I created a new branch called "floating" which includes an apparently
successful attempt at full support of floating-point textures and
render targets.

I believe it is fundamentally correct, but should be considered a
prototype and almost surely contains some oversights.

Specifically, the following is included:
1. GL_ARB_half_float_pixel is advertised
2. Gallium luminance/alpha/intensity floating point formats are added
3. GL_ARB_texture_float is finished and renamed from GL_MESAX_texture_float
4. Support for not clamping colors supplied to the GL but clamping
queries is added
5. Fragment, vertex and read color (non-)clamping is implemented
6. GL_ARB_color_buffer_float is implemented and advertised (this is
the tricky one)
7. Vertex and fragment clamping is pushed through Gallium using a
temporary interface
8. draw and draw_llvm get proper vertex color clamping support
9. For softpipe, blending is reworked to work with both fixed and
floating point target, and fragment clamping is properly supported
10. llvmpipe is converted to use float tiles instead of uint8_t tiles
11. For llvmpipe, blending is reworked to work with both fixed and
floating point target, and fragment clamping is properly supported

The Mesa parts should be the right approach, but might have minor issues.
The softpipe code should also be good.
The gallium interface is instead provisional and the llvmpipe code
shouldn't be merged in the current form.

As an immediate result, Unigine demos that failed due to framebuffer
incompleteness or lack of fp extensions now work.
However, softpipe is unusable with them and llvmpipe is also slow and
very glitchy.
Furthermore, shader compilation takes a lot of time: expect loading to
take even 5-10 minutes on fast machine, and possibly much more on
slower machines.
Unigine Tropics seems to work best, followed by Unigine Sanctuary.
Unigine Heaven works too but with really heavy glitches.

More details follow.

* How to test this

- floattex in mesa-demos
- ARB_color_buffer_float testsuite on the piglit mailing list
- Philip Rideout's bloom/hdr demo at http://prideout.net/archive/bloom/#HDR
- Stephane Metz's "HDR in OpenGL" at http://www.smetz.fr/?page_id=83
- Unigine demos
- Games with HDR support

* ARB_half_float_pixel

This one just requires support for half float datatypes in user
memory, which we already had.
Hence, just turn it on in mesa/st

* ARB_texture_float

Currently Mesa implements MESAX_texture_float, which as far as I can
tell conforms to ARB_texture_float, except for the fact that we did
not clamp texels sampled from the fixed function pipeline.
Hence, I added that and renamed the extension to the ARB name (I doubt
anyone relied exclusively on the MESAX_* name).

Support in mesa/st was missing though.
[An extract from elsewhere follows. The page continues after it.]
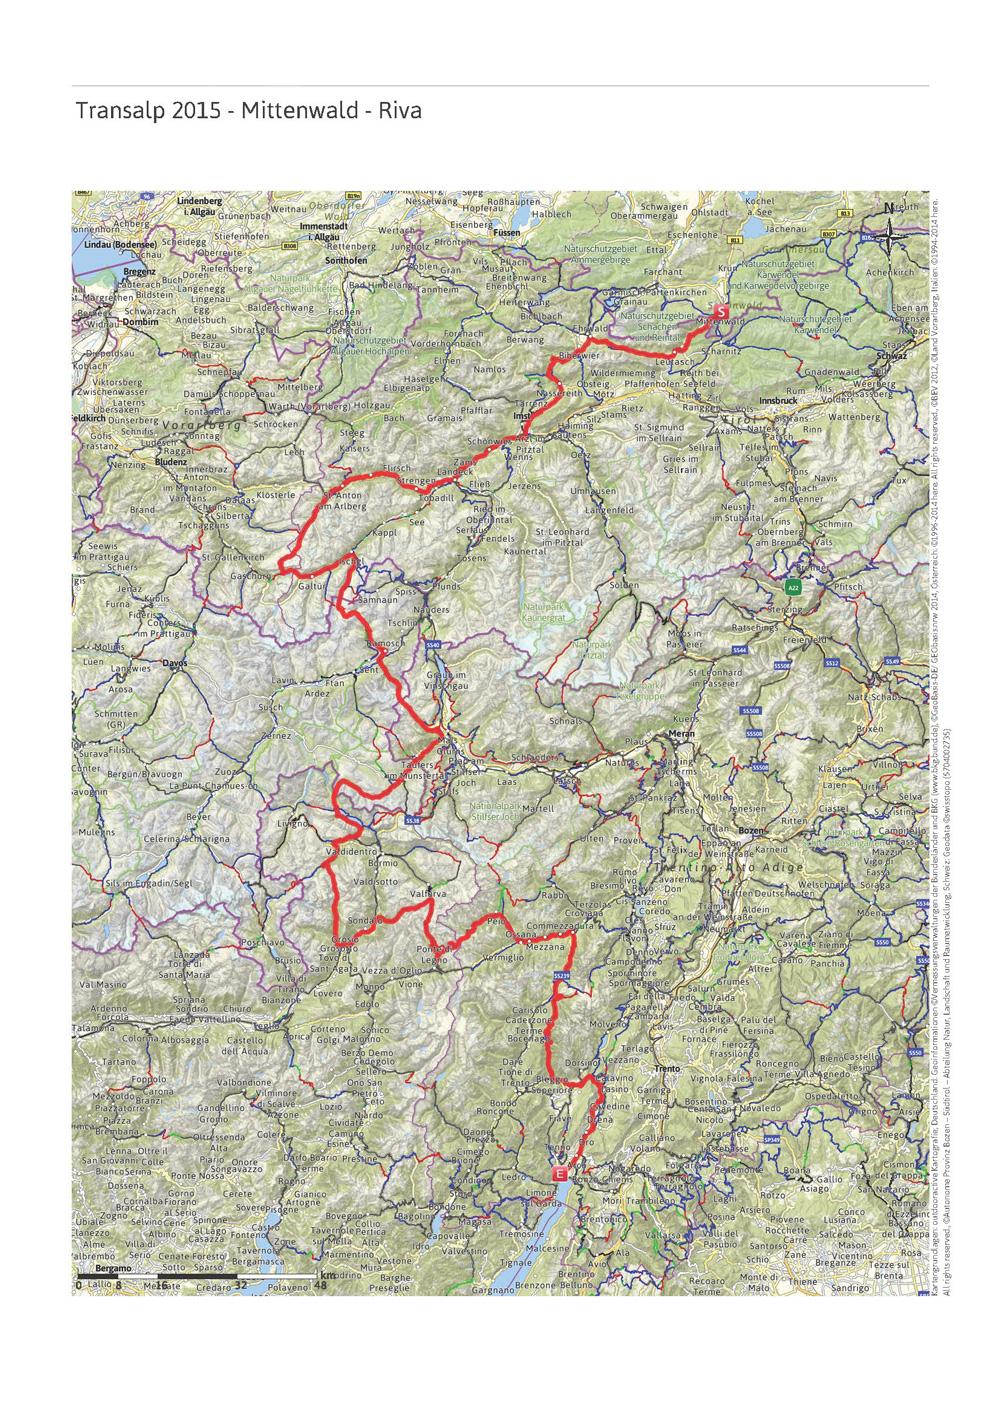 Transalp 2015 - Gesamte Route

To add it, I added new
luminannce/alpha/intensity formats to Gallium and converted the Mesa
internal formats to/from them.

It is then enabled if any floating point formats are supported.

* ARB_color_buffer_float

This is the hard part, and despite the name doesn't actually require
floating-point support.

The first part of the extension adds GLX support for floating point
formats (as GLX_ARB_fbconfig_float): this is currently ignored, since
I suspect no one cares about GLX pbuffers.
Support for computing floatMode from FBOs and the RGBA_FLOAT_MODE_ARB
query for it is added.

The main part of this extension is however the clamping controls.
Before this extension, many parts of the GL are specified to clamp
colors: obviously, this is undesirable for floating-point rendering.

Hence, three clamping controls are added by extension:
- Vertex color clamping, which is equivalent to adding a saturate in
any instruction that writes to COLOR or BCOLOR in the vertex shader
- Fragment color clamping, which is equivalent to adding a saturate in
any instruction that writes to COLOR in the fragment shader, but has
many other implications
- Read color clamping, that controls whether ReadPixels and friend
(but not GetTexImage) clamp the returned colors.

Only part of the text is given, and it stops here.